Book contents
2 - Planning the construction of a corpus
Published online by Cambridge University Press: 03 December 2009
Summary
Before the texts to be included in a corpus are collected, annotated, and analyzed, it is important to plan the construction of the corpus carefully: what size it will be, what types of texts will be included in it, and what population will be sampled to supply the texts that will comprise the corpus. Ultimately, decisions concerning the composition of a corpus will be determined by the planned uses of the corpus. If, for instance, the corpus is be used primarily for grammatical analysis (e.g. the analysis of relative clauses or the structure of noun phrases), it can consist simply of text excerpts rather than complete texts. On the other hand, if the corpus is intended to permit the study of discourse features, then it will have to contain complete texts.

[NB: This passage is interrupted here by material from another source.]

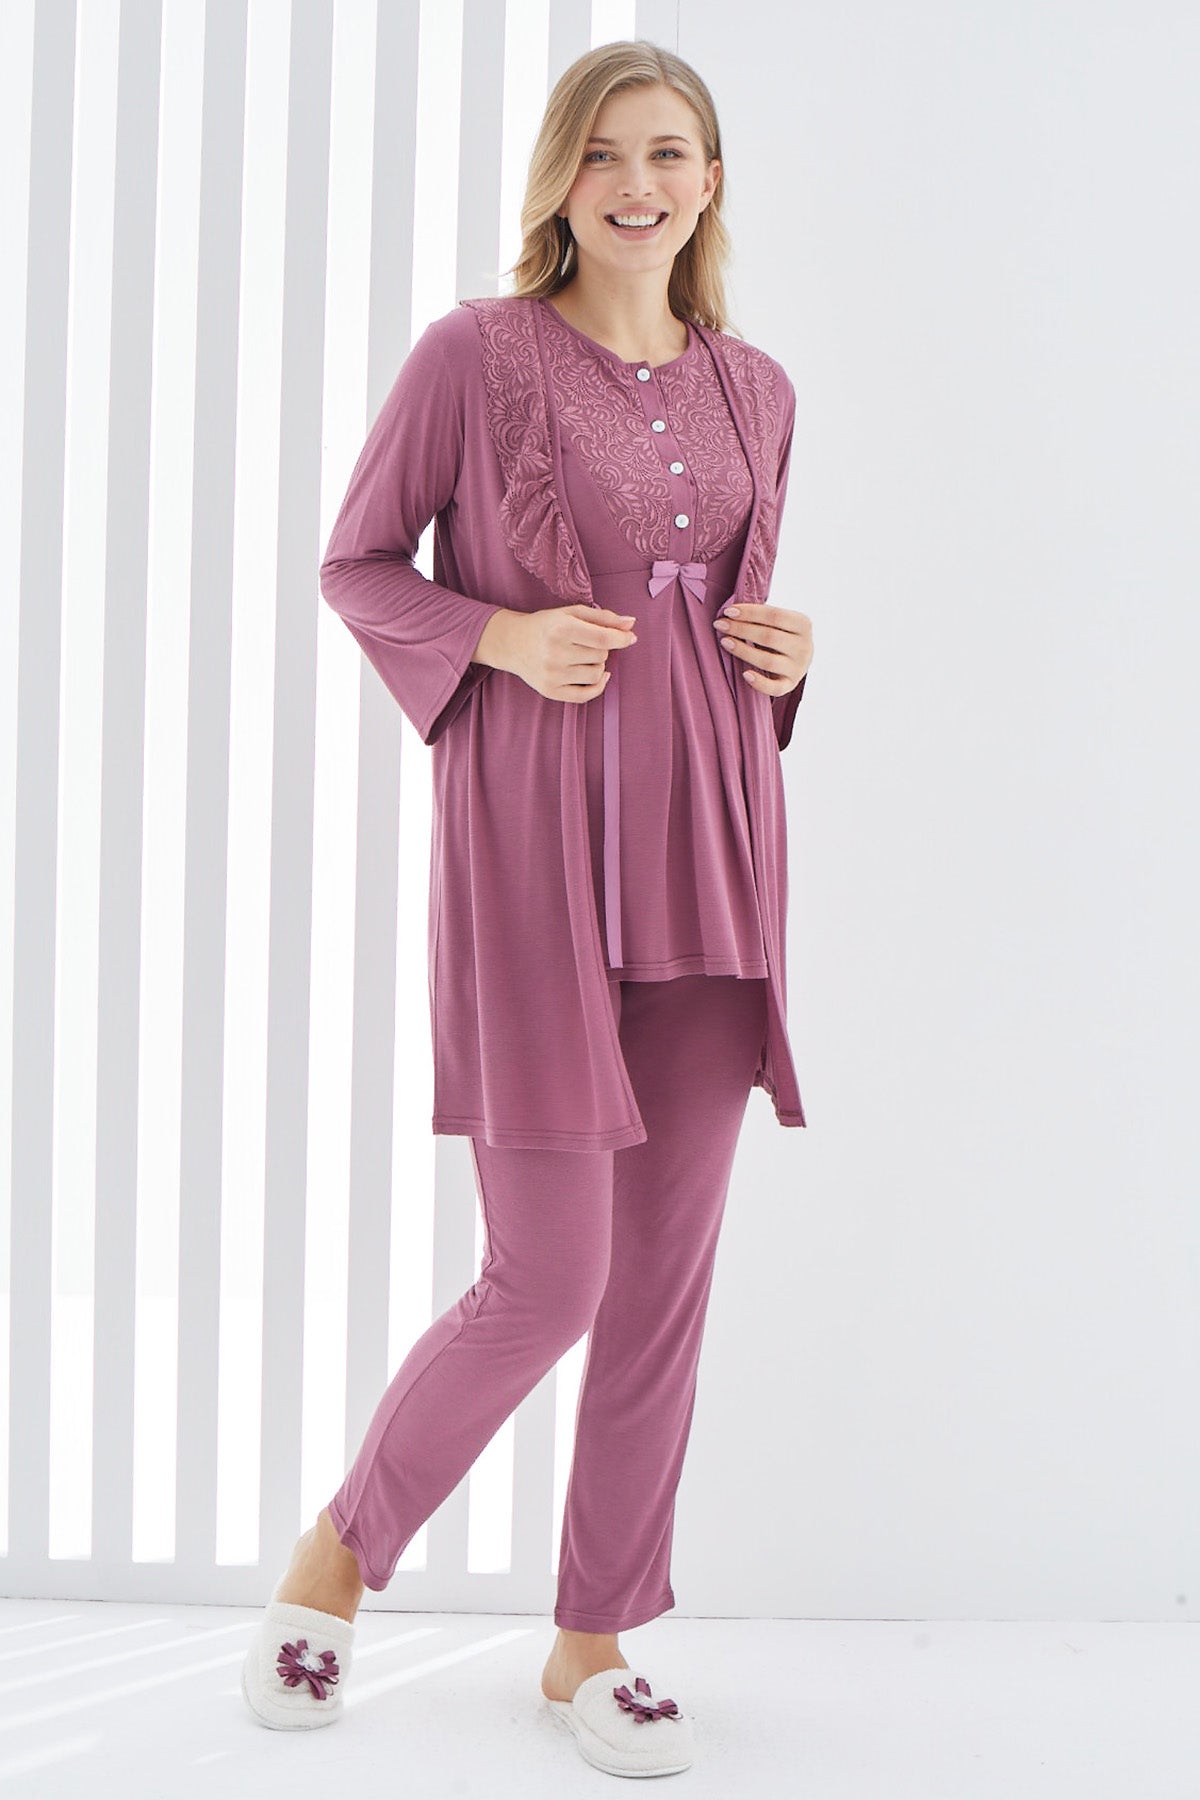 Guipure 3-Pieces Maternity & Nursing Pajamas With Lace Collar Robe Plum - 3403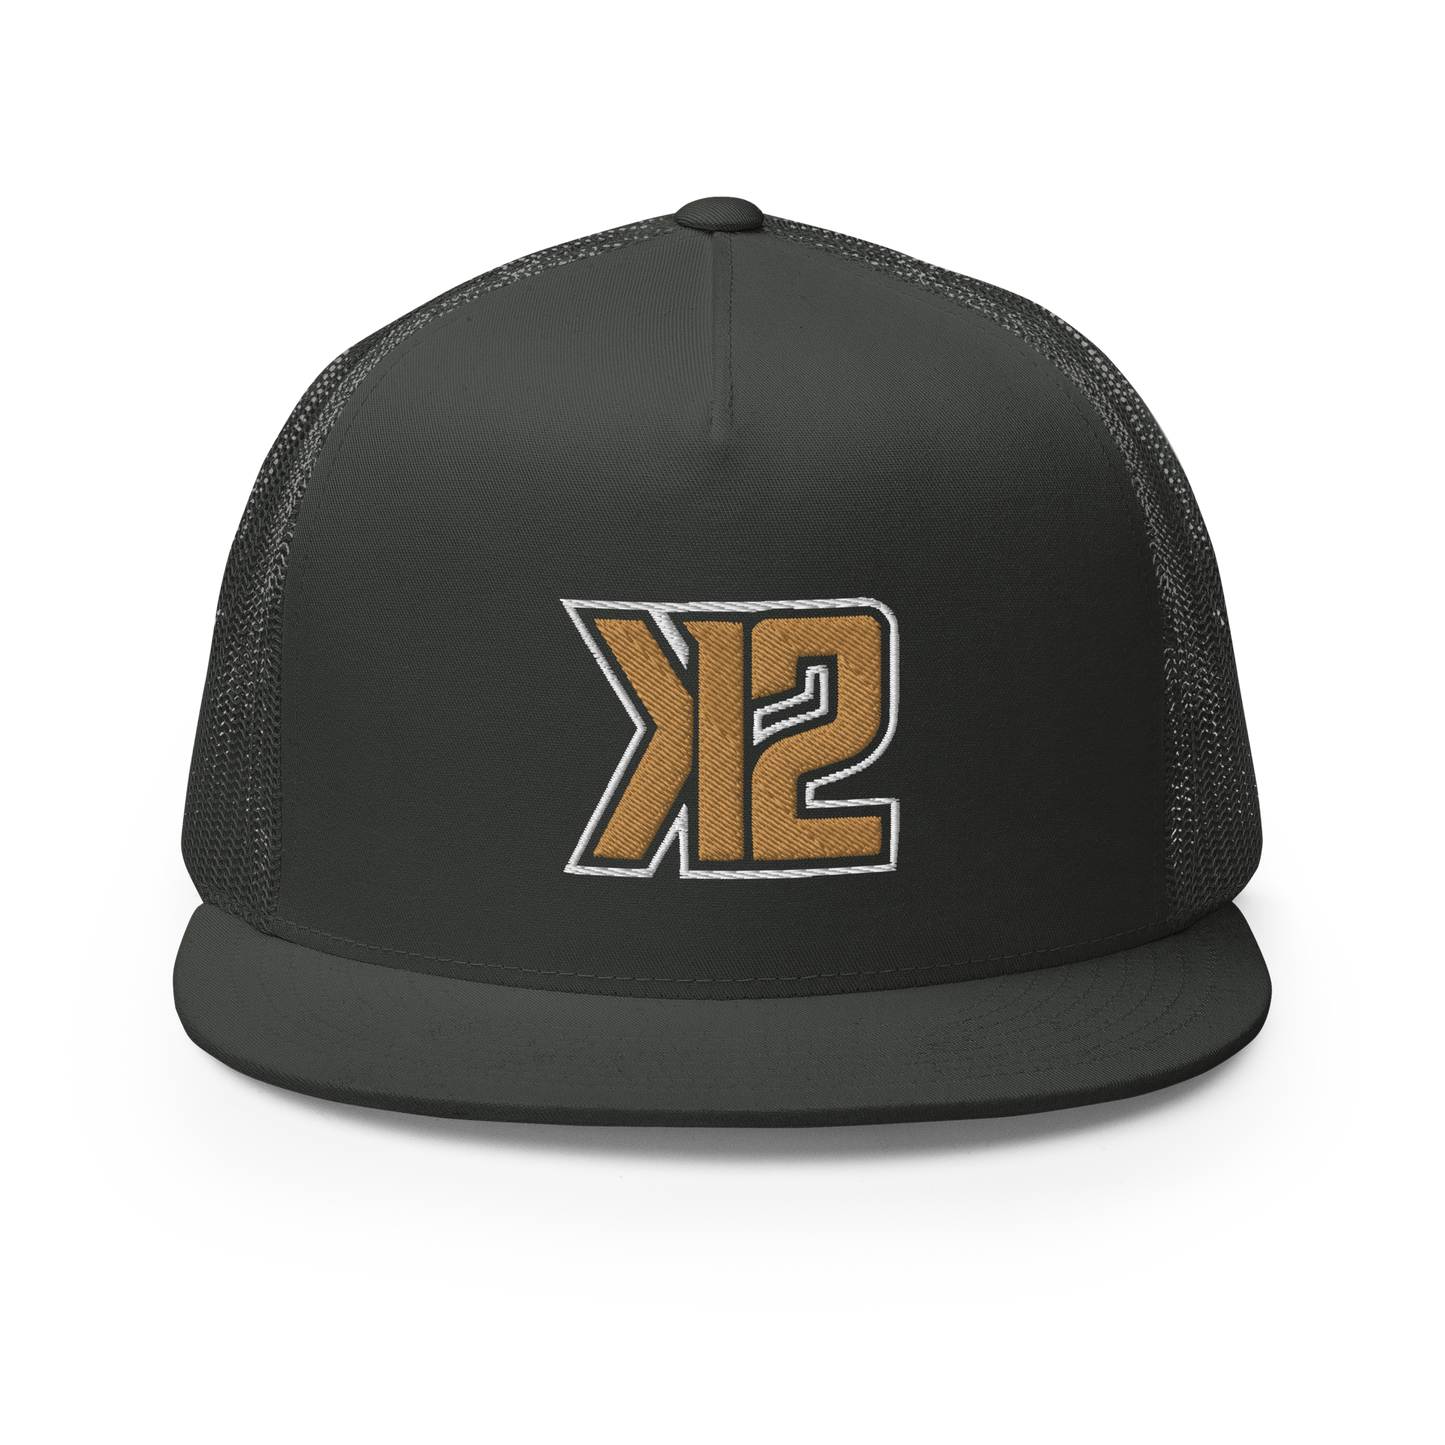 K2 TRUCKER CAP

Deciding how lengthy text samples within a corpus should be is but one of the many methodological considerations that must be addressed before one begins collecting data for inclusion in a corpus. To explore the process of planning a corpus, this chapter will consider the methodological assumptions that guided the compilation of the British National Corpus. Examining the British National Corpus reveals how current corpus planners have overcome the methodological deficiencies of earlier corpora, and raises more general methodological considerations that anyone planning to create a corpus must address.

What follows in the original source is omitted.